**Given records**
▶
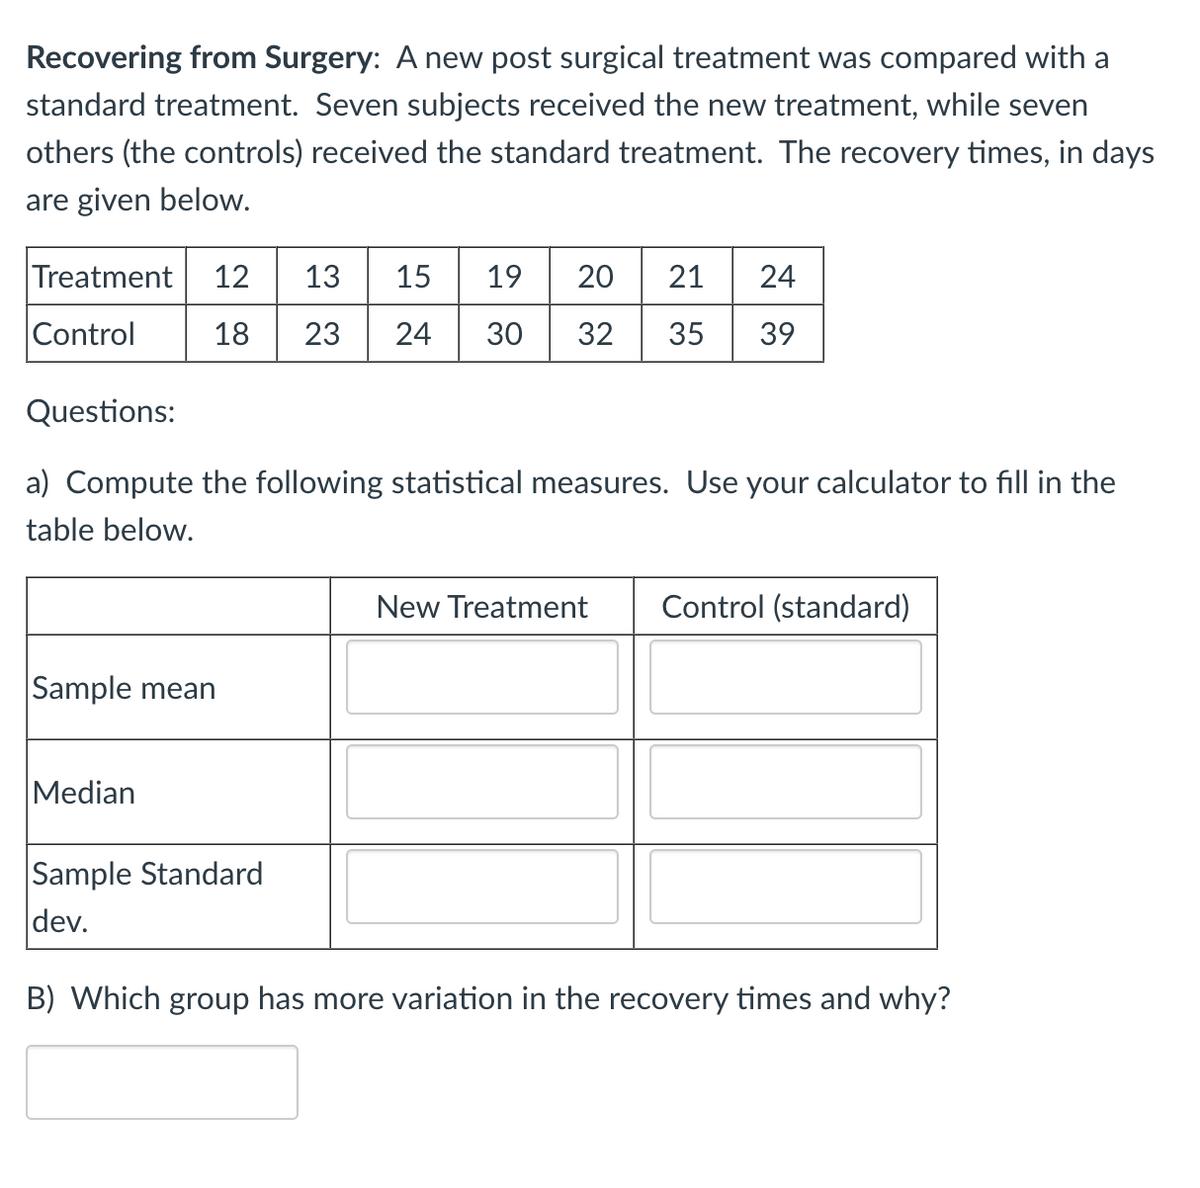 Recovering from Surgery: A new post surgical treatment was compared with a
standard treatment. Seven subjects received the new treatment, while seven
others (the controls) received the standard treatment. The recovery times, in days
are given below.
Treatment 12 13 15 19 20
Control
21 24
18 23 24 30 32 35 39
Questions:
a) Compute the following statistical measures. Use your calculator to fill in the
table below.
Sample mean
Median
Sample Standard
dev.
New Treatment Control (standard)
B) Which group has more variation in the recovery times and why?
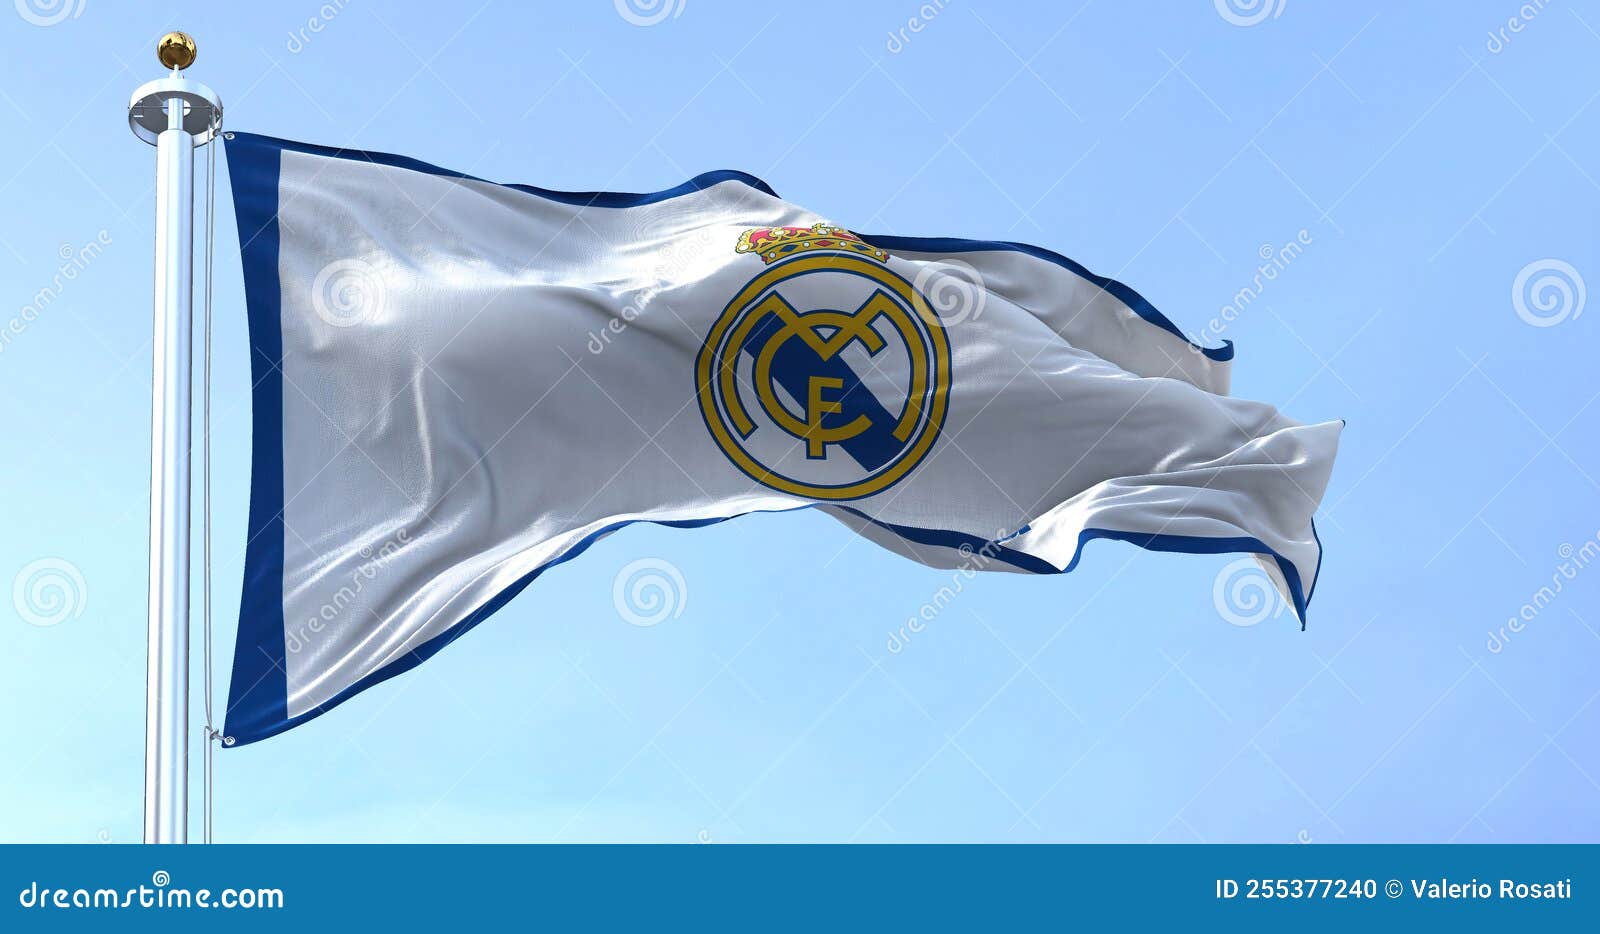 Spain Madrid July 2018 Real Madrid Flag Waving Slow Motion Stock Video  Footage by ©RailwayFX #308573256
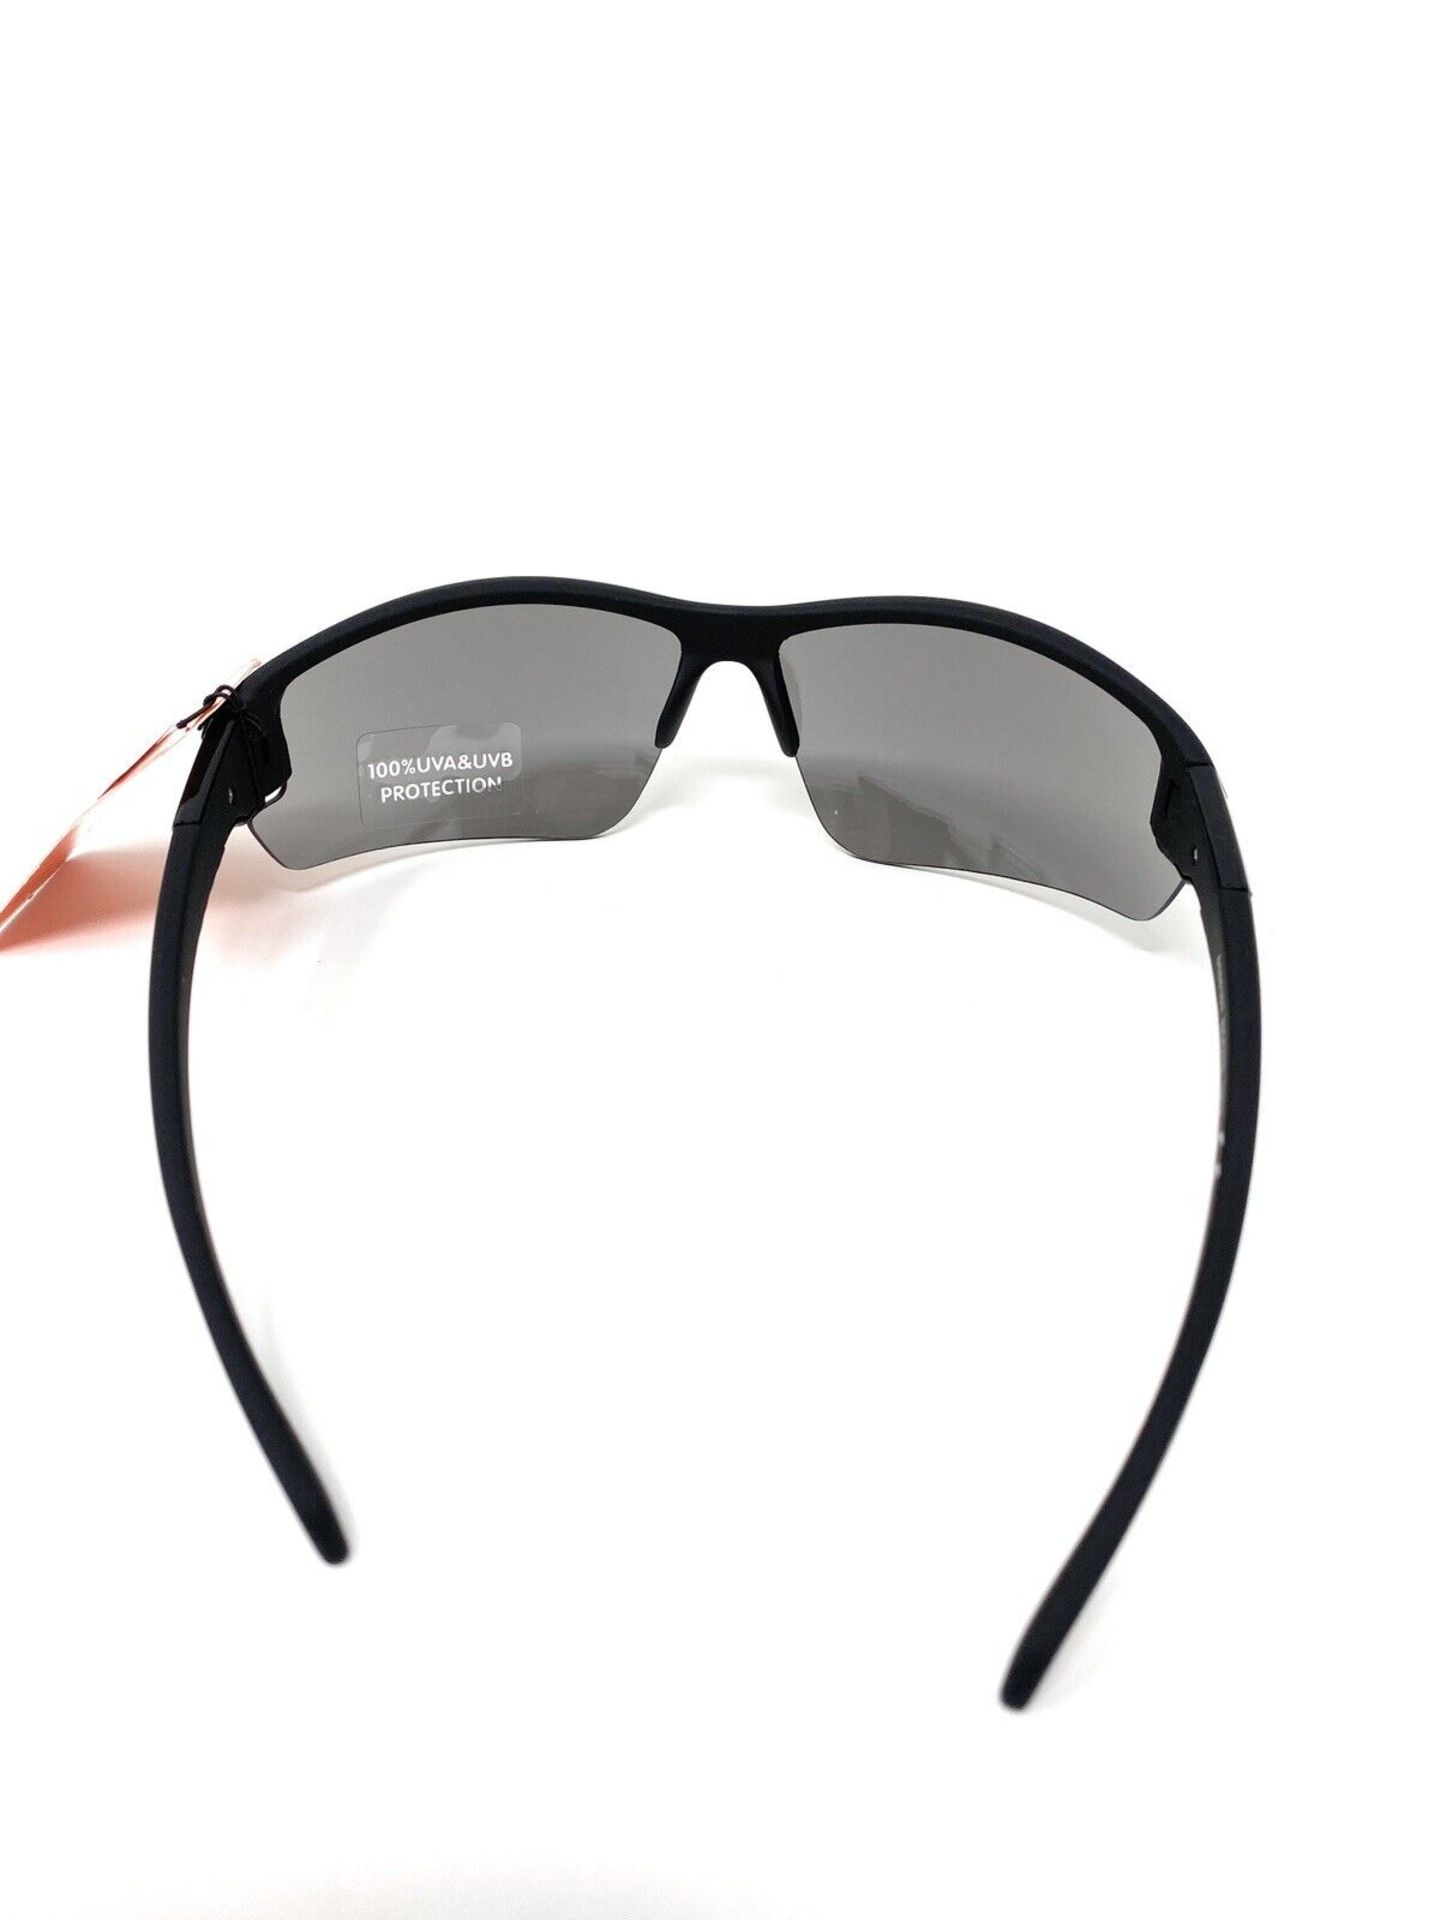 40 x Boots Active Sports Styled Sunglasses 100% UVA - (NEW) - BOOTS RRP £1,000 ! - Image 5 of 5
◀
**Task directions**
Give back the entries above exactly as they stand. Leave the images out.

**Exercise response**
 Recovering from Surgery: A new post surgical treatment was compared with a
standard treatment. Seven subjects received the new treatment, while seven
others (the controls) received the standard treatment. The recovery times, in days
are given below.
Treatment 12 13 15 19 20
Control
21 24
18 23 24 30 32 35 39
Questions:
a) Compute the following statistical measures. Use your calculator to fill in the
table below.
Sample mean
Median
Sample Standard
dev.
New Treatment Control (standard)
B) Which group has more variation in the recovery times and why?
 Spain Madrid July 2018 Real Madrid Flag Waving Slow Motion Stock Video  Footage by ©RailwayFX #308573256
 40 x Boots Active Sports Styled Sunglasses 100% UVA - (NEW) - BOOTS RRP £1,000 ! - Image 5 of 5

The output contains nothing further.